Performance Fees Remain Unpopular Among Funds

In most cases, performance fees for mutual funds are not worth the headache. That appears to be the conclusion of the majority of mutual fund firms as they overwhelmingly reject the idea of linking management fees to fund performance.

Performance fee arrangements -- basing the fee a fund company receives on the fund's success in beating an investment benchmark -- subjects mutual fund companies to increased uncertainty about revenues. The arrangement also creates the need for additional compliance to ensure that a firm or manager does not take outsized risks to increase compensation, according to industry observers and executives.

The reward for these efforts is investor indifference, executives and observers say. Investors for the most part care about performance, not performance fees.

The market does not reward fund advisers for adopting performance fees, said Charles Trzcinka, a professor of finance at the State University of New York at Buffalo. "Investors are not going to choose a mutual fund on the basis that the adviser has a performance incentive."

Shareholders in the Destiny I and Destiny II funds of Fidelity Investments of Boston seemed to confirm the view that investors do not strongly favor performance fees. In a proxy vote in June, the funds' shareholders approved a Fidelity proposal to gradually eliminate performance fees and adopt a charge that does not vary based on performance. Fidelity, which based its proxy votes on the amount of assets a shareholder owns, reported that shareholders representing approximately 83 percent of the assets in each fund voted in favor of dropping performance fees.

Even professional advisors who pay particular attention to fund expenses find that performance fees are not the crucial factor in making investment decisions. Louis Stanasolovich, president of Legend Financial Advisors of Pittsburgh, said the existence of performance fees was among the last factors he considered.
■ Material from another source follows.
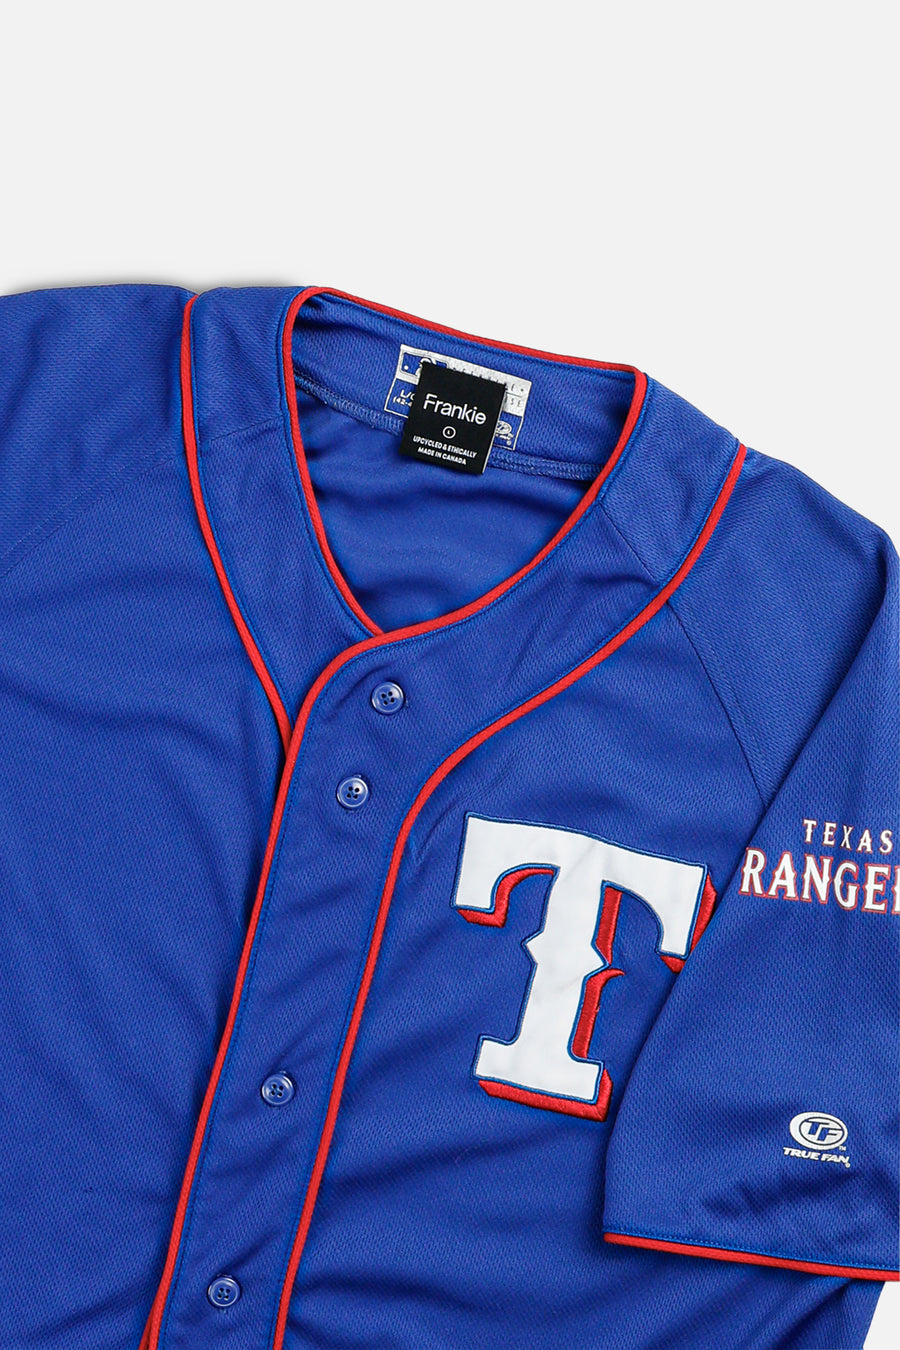 Rework Crop Texas Rangers MLB Jersey - L

Performance fees are not a requirement for either low cost or favorable performance. TIAA-CREF Mutual Funds of New York, for example, are known for both their low expenses and generally good performance. Nevertheless, the firm, which is operated as a non-profit organization, does not use the fees.

Dennis Foley, vice president in charge of mutual funds and annuities for TIAA-CREF, said that performance fees at TIAA-CREF motivate individual portfolio managers. Adopting performance fees for the funds themselves, however, runs the risk of increasing fund expenses, Foley said. That is inconsistent with TIAA-CREF's emphasis on low costs, he added.
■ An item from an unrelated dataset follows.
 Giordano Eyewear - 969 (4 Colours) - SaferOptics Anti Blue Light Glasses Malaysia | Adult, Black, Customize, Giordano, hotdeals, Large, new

The fund industry seems to have noted investor indifference to the performance fee issue. Currently, about two percent, or 163 funds, of the total of 13,343 open-end funds use performance fees, according to fund tracker Lipper Analytical Services of Summit, N.J. That total is down from 2.5 percent in 1994, according to Lipper.

The relative unpopularity of performance fees in the industry has not stopped some fund groups from advocating their use. The Vanguard Group of Malvern, Pa., is an outspoken proponent of the fees.
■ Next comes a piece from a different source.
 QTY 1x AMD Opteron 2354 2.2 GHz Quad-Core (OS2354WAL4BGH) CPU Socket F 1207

And Fidelity, despite the switch in charges on the Destiny funds, still has more than $250 billion in assets under management in 33 funds subject to performance fees, reported Jessica Catino, a Fidelity spokesperson. "We believe (performance fees) align shareholders' interests with our own interests," Catino said.

That is the consistent argument of performance fee proponents. American Express Funds of Minneapolis, for example, recently proposed adding performance fees to 11 of its funds. Shareholders approved that proposal in late June.